そもそも既往などの影響で手術ができないといった場合も選択できません。

 

新しい治療法「再生医療」

再生医療は体の自然な修復能力を活用して、損傷した組織を修復・再生する革新的な治療法です。近年、新しい膝の治療法としても注目されています。

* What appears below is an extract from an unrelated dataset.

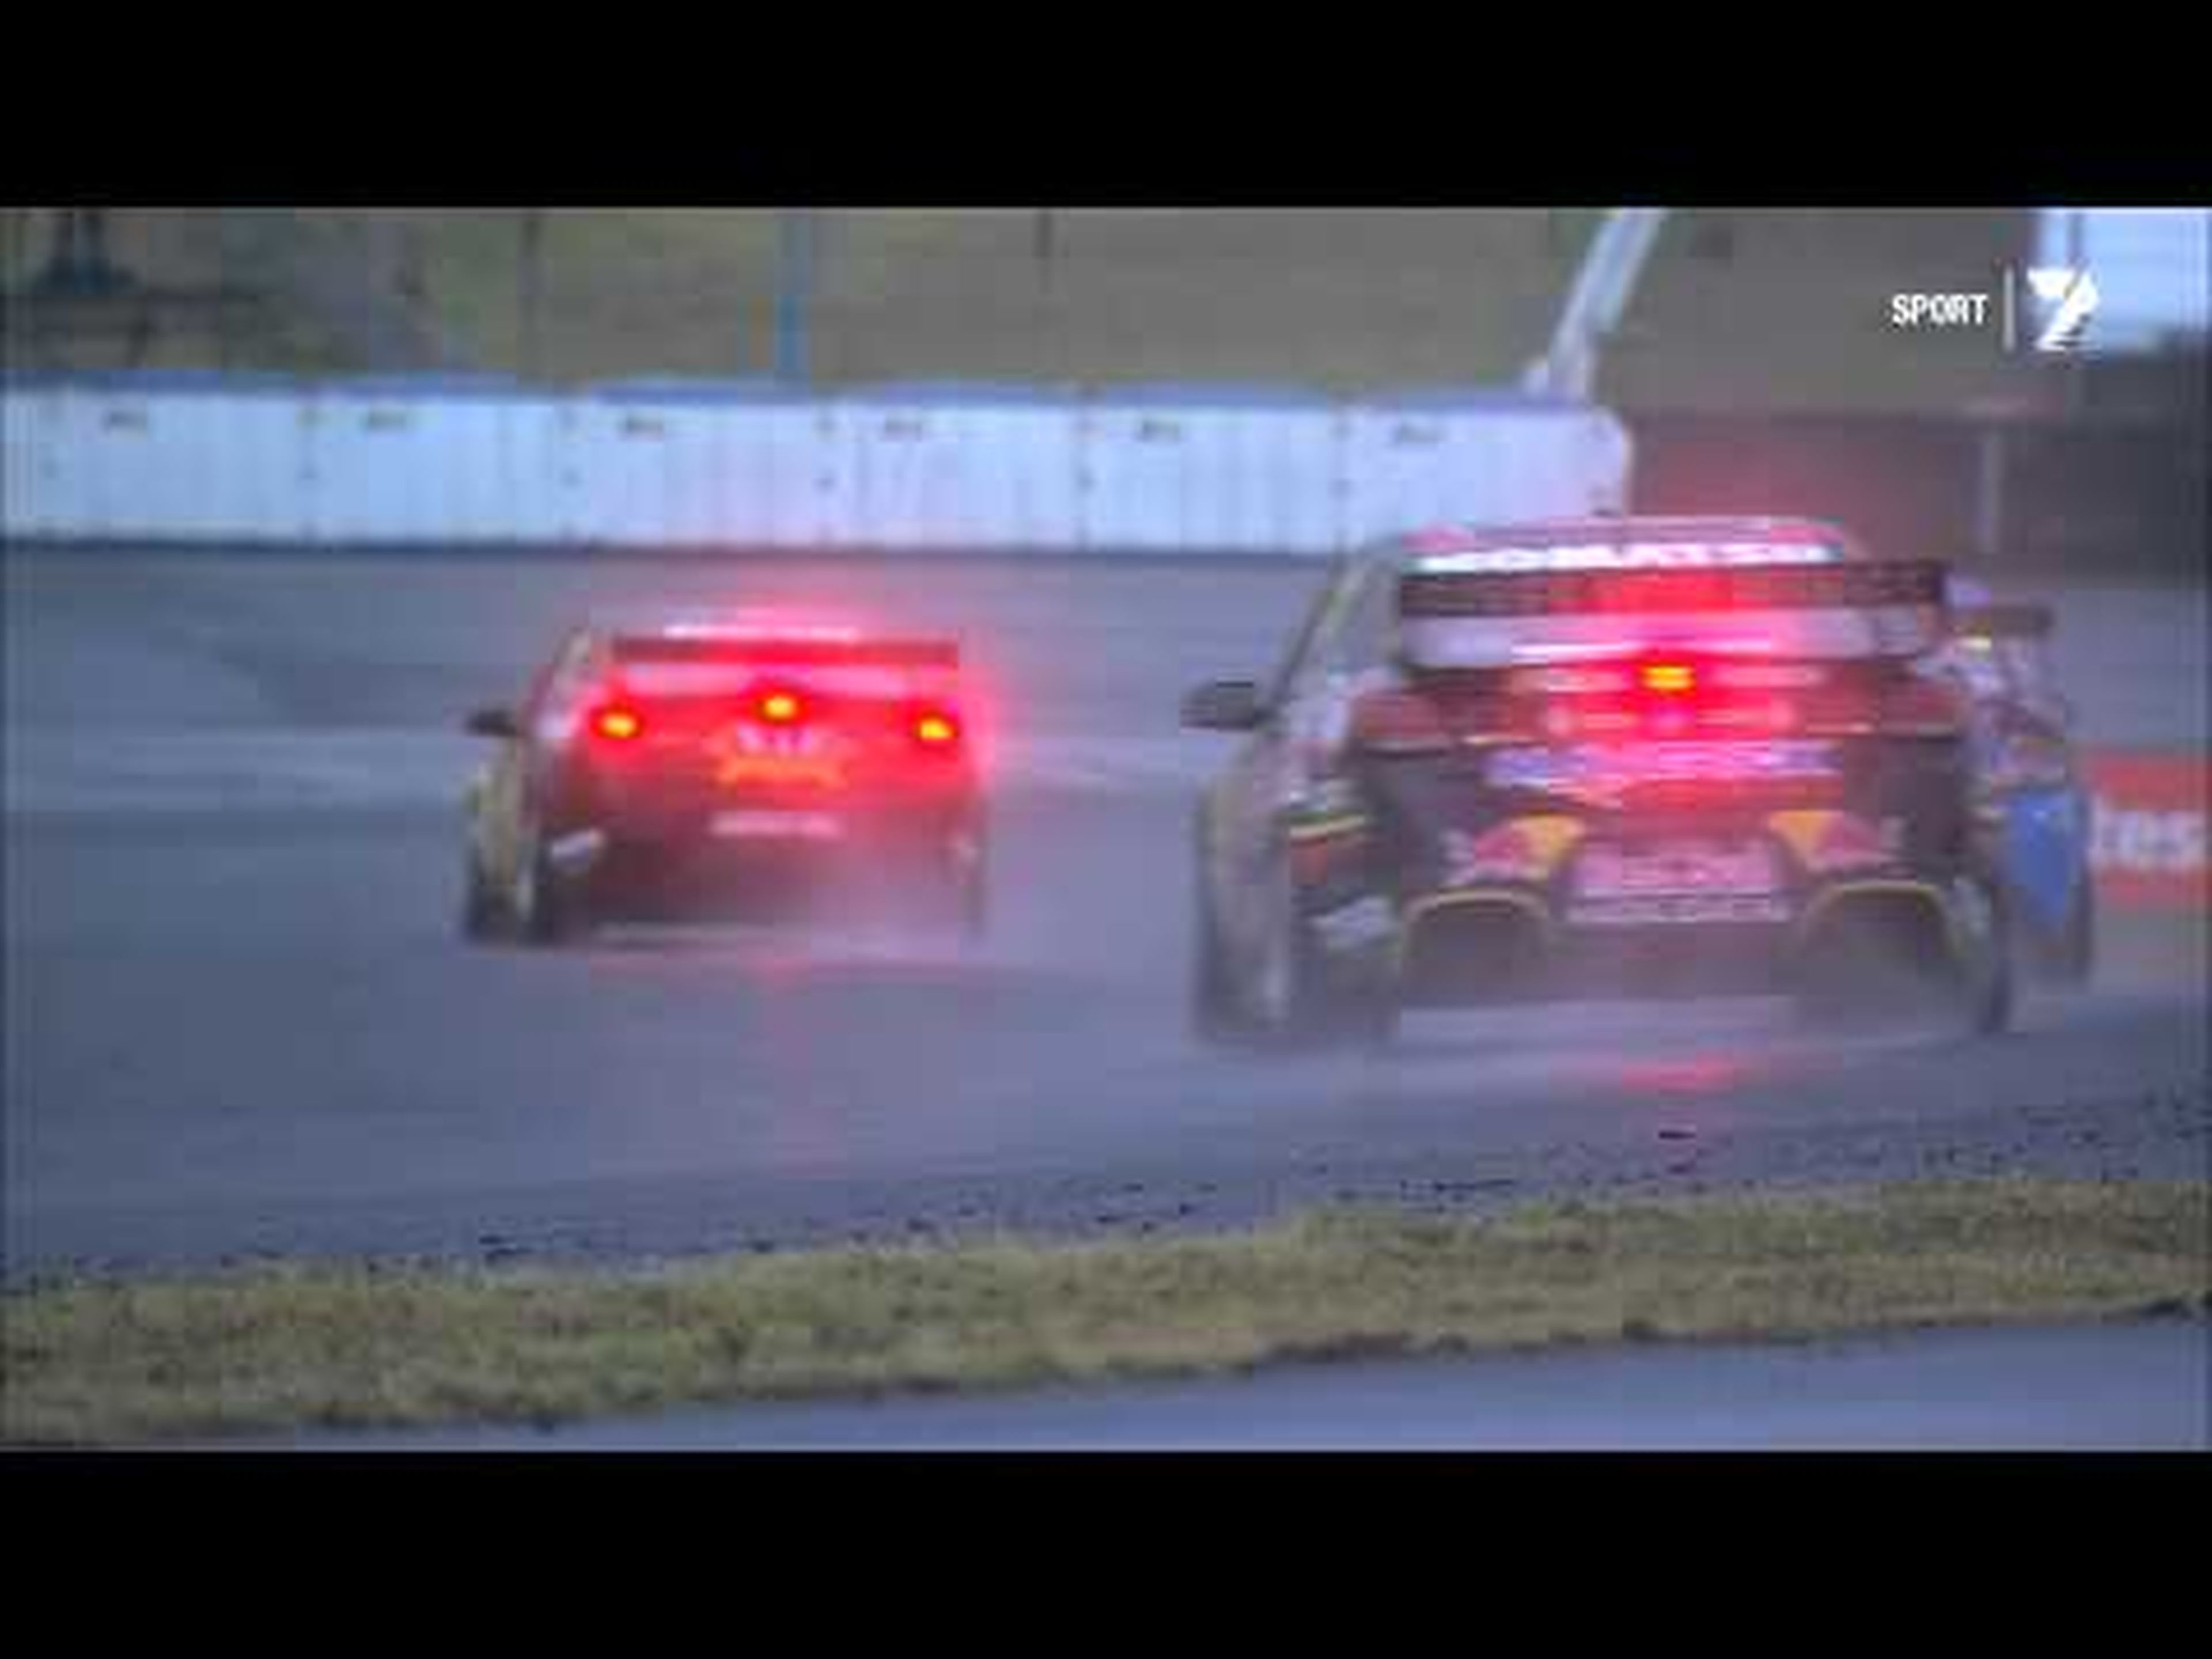 Vídeo de los V8 Supercars haciendo Drift

ヒアルロン酸は効きにくくなったけれど、このまま膝の悪化を待つだけというのも困る。ただ手術もしたくない・・・といった場合には、再生医療を選択するのも一つの手段として覚えておくとよいでしょう。

 

PRP(多血小板血漿)療法

血液から抽出した血小板を濃縮・成長因子を豊富に含んだ血漿を注入します。傷んだ部分を修復して、膝の痛みや炎症を抑える効果があります。

 

幹細胞療法

脂肪組織や骨髄から採取した「幹細胞」を用いて、軟骨や靭帯の再生を促します。

 

再生医療は、自分の血液や組織を利用して体の自然な修復メカニズムを活用します。自分由来の成分を使うことで、アレルギー反応などのリスクが低くて済みます。また入院や手術をせずに膝関節の治療が出来るのも大きなメリットです。

 

特に幹細胞療法には軟骨・靭帯の再生の効果があるため、手術以外に選択できる膝の根本的治療ともいえるでしょう。

 

まとめ

これらの代替の治療法は、それぞれメリットとデメリットがあります。最適な選択肢を専門機関と相談しながら決定していくことが重要です。

また、新しい治療法が常に研究・開発されています。膝の健康のために、最新の情報を得ながら膝のケアの幅を広げていきましょう。